Horton-in-Ribblesdale Church circa 2000

Click here to read about Francis and Elizabeth Capstick and their family.

    Elizabeth's mother, the daughter of Thomas Calvert and Margaret (nee Greenbank) who farmed at Snaiseholme, Yorkshire, died shortly after Elizabeth's marriage. Her father continued to farm at Nether Lodge for a time but he eventually "downsized" to Town End Farm in Horton. William died in 1879 at Brackenbotton, Horton-in-Ribblesdale and was buried at Chapel-le-Dale. Several of William and Mary's grandchildren are among those Mittons who emigrated to the USA.

    Elizabeth's father, William was himself the son of Robert and Jane (nee Blenkhorn) Mitton. Click here to read about William Mitton's ancestry.

My own possible Mitton ancestry

    In the Distant cousins page of the Calverley family section of my website I conjectured that it was possible that my Calverley and Bailey lines shared a common ancestry in a man called John de Bayley. It is a matter of historic record that he was a descendant of Jordan de Mitton who was the son of "Ralph the Red", the first "Lord of the Manor of Mitton", in the Ribble Valley on the Lancashire / Yorkshire former boundary not long after the Norman Conquest.

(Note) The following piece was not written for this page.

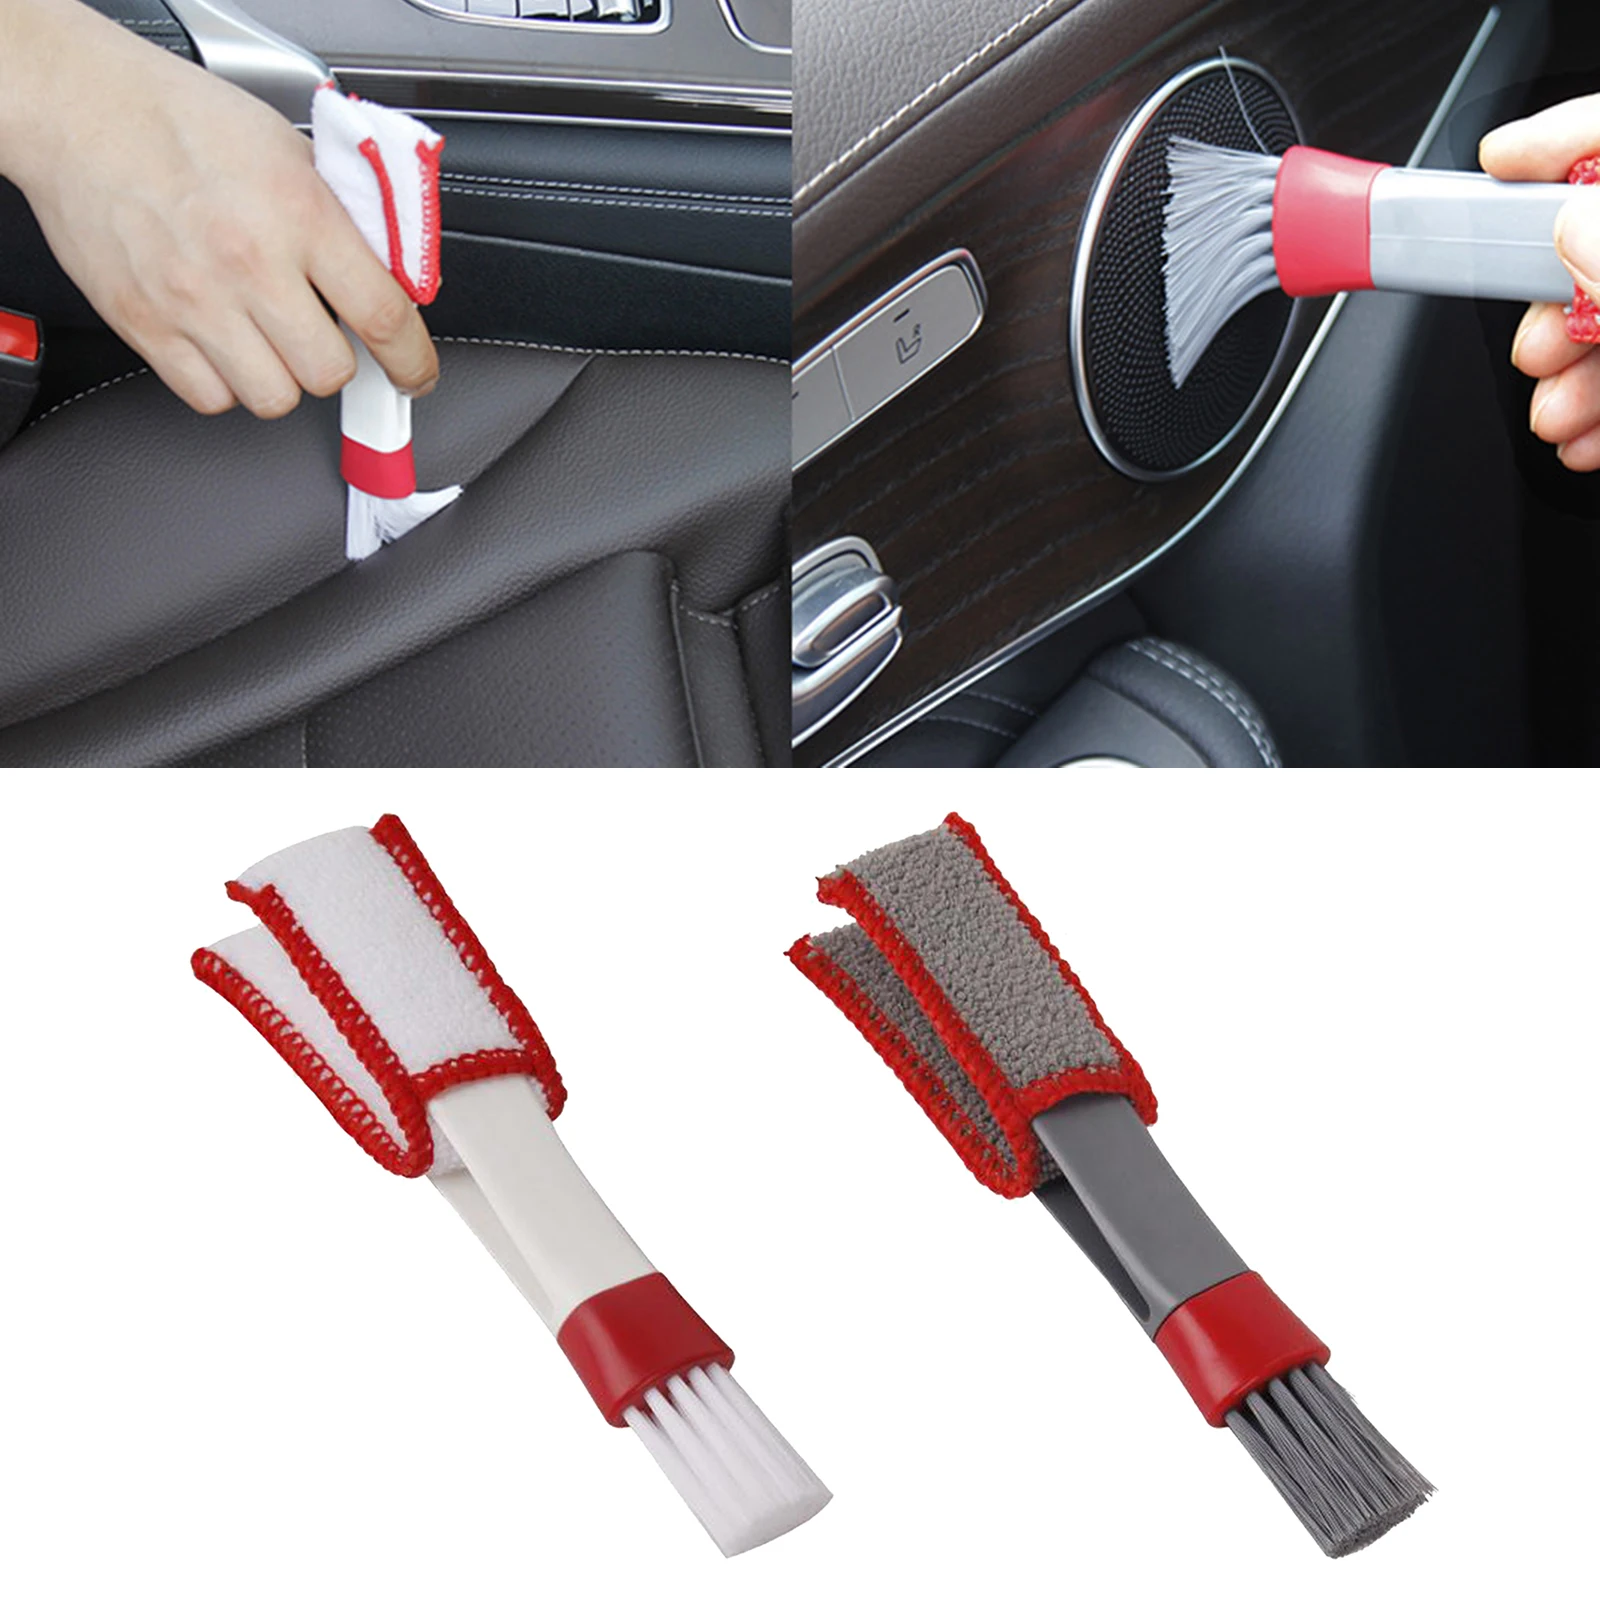 Portable Cleaning Brush Auto Car Air Conditioner Vent Windows Dust Cleaner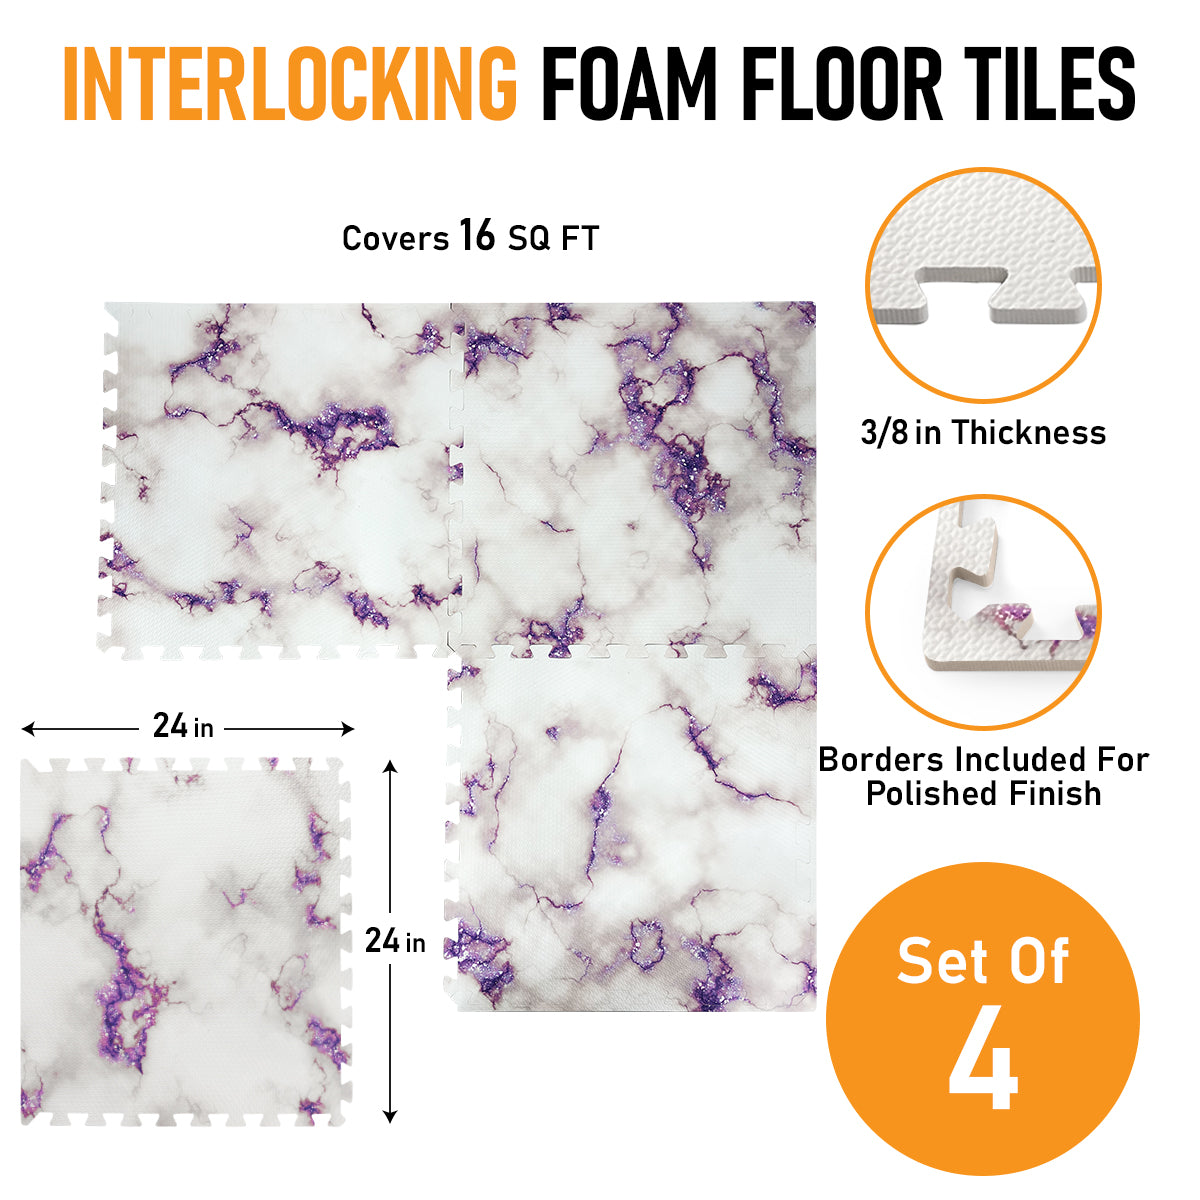 3/8 Inch Thick Interlocking Marble Foam Floor Tiles for Home, Office, Workout Equipment Space, Commercial Areas, Anti-Fatigue Flooring Padding 24x24 in., Purple Marble

    The de Mitton family's holdings were split into two - each half being held by one of two brothers. "My" branch held land at Bailey rather than at Mitton and used "de Bayley" as their family name rather than "de Mitton". The Bayleys stayed in the area, changing their surname to Shireburn or Sherburne. Eventually the Mitton holdings reverted to the Earl of Lancaster and the Mitton family moved from Mitton to the Craven area near Kettlewell and other nearby places in the 14th and 15th centuries.